Your answer is the lines below, exactly, from the one that contains "Movies for halloween" through the one that contains "Selimiye Camii - Floor", both included.

Given entries:
========================

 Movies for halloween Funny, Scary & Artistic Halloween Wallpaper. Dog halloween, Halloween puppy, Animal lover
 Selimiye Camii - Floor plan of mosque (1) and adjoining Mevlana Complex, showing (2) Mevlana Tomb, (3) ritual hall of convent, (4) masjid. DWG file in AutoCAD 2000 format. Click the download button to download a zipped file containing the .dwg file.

========================

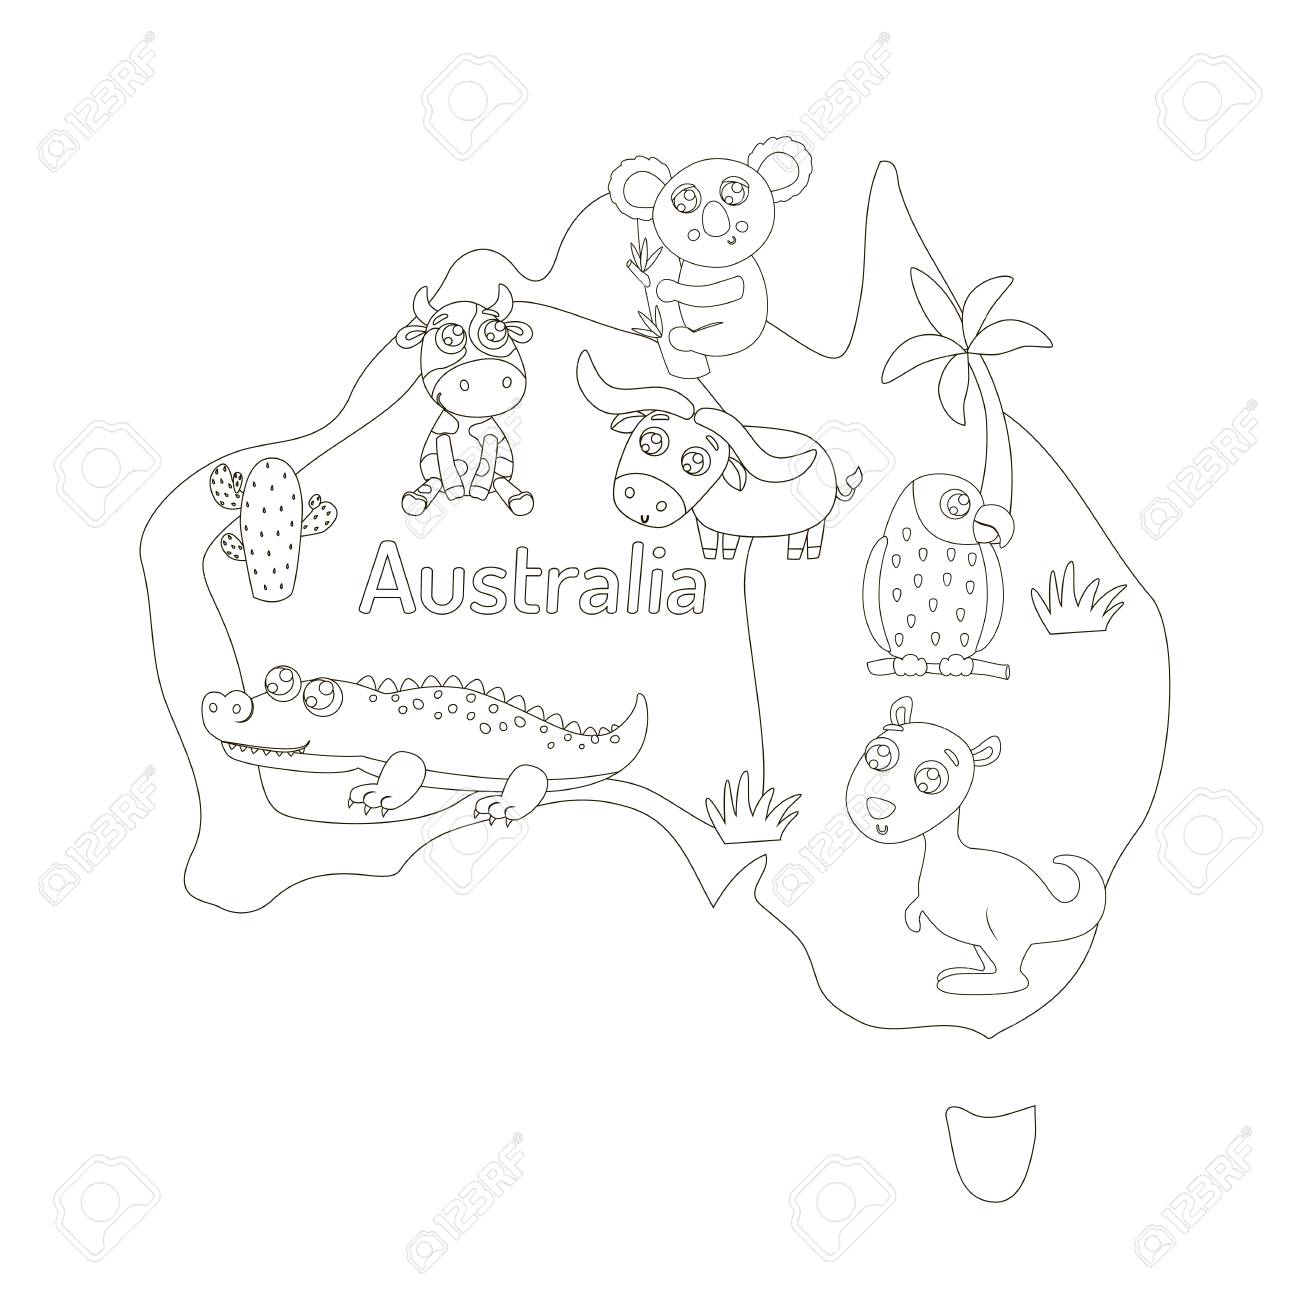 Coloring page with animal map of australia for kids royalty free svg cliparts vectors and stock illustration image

========================

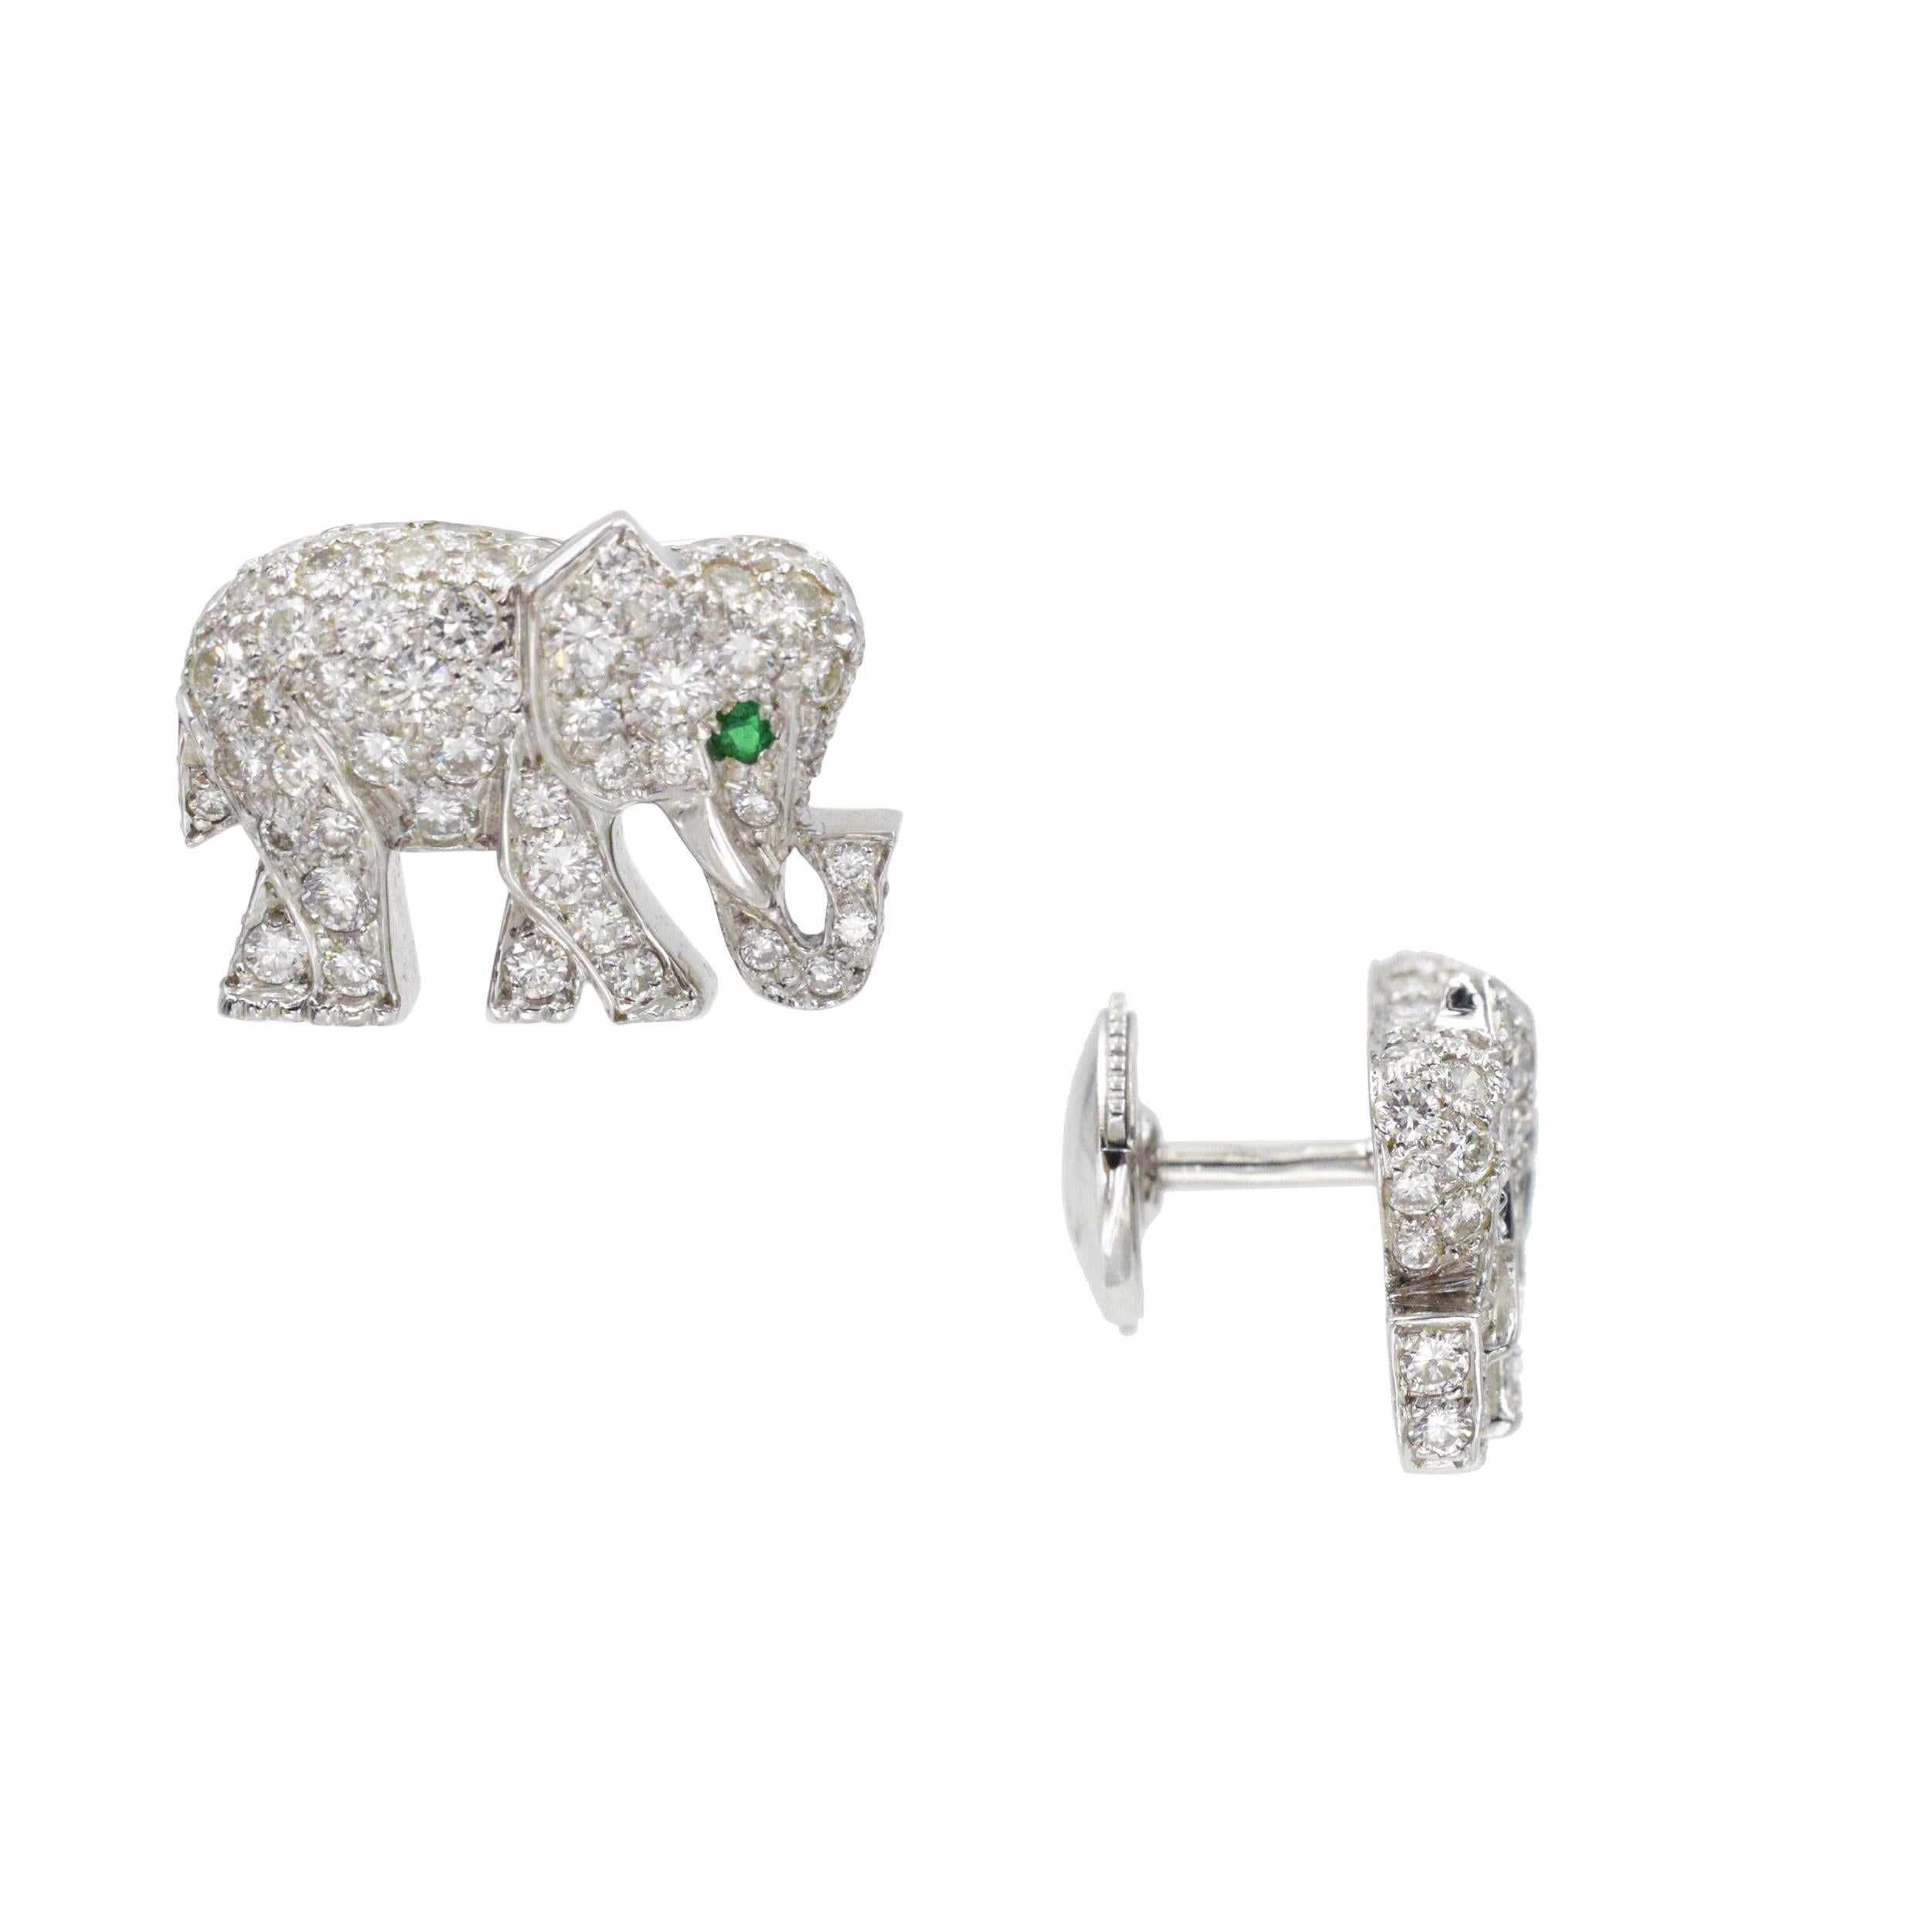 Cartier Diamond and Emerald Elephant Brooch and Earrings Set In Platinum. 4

========================

Response box:
 Movies for halloween Funny, Scary & Artistic Halloween Wallpaper. Dog halloween, Halloween puppy, Animal lover
 Selimiye Camii - Floor plan of mosque (1) and adjoining Mevlana Complex, showing (2) Mevlana Tomb, (3) ritual hall of convent, (4) masjid. DWG file in AutoCAD 2000 format. Click the download button to download a zipped file containing the .dwg file.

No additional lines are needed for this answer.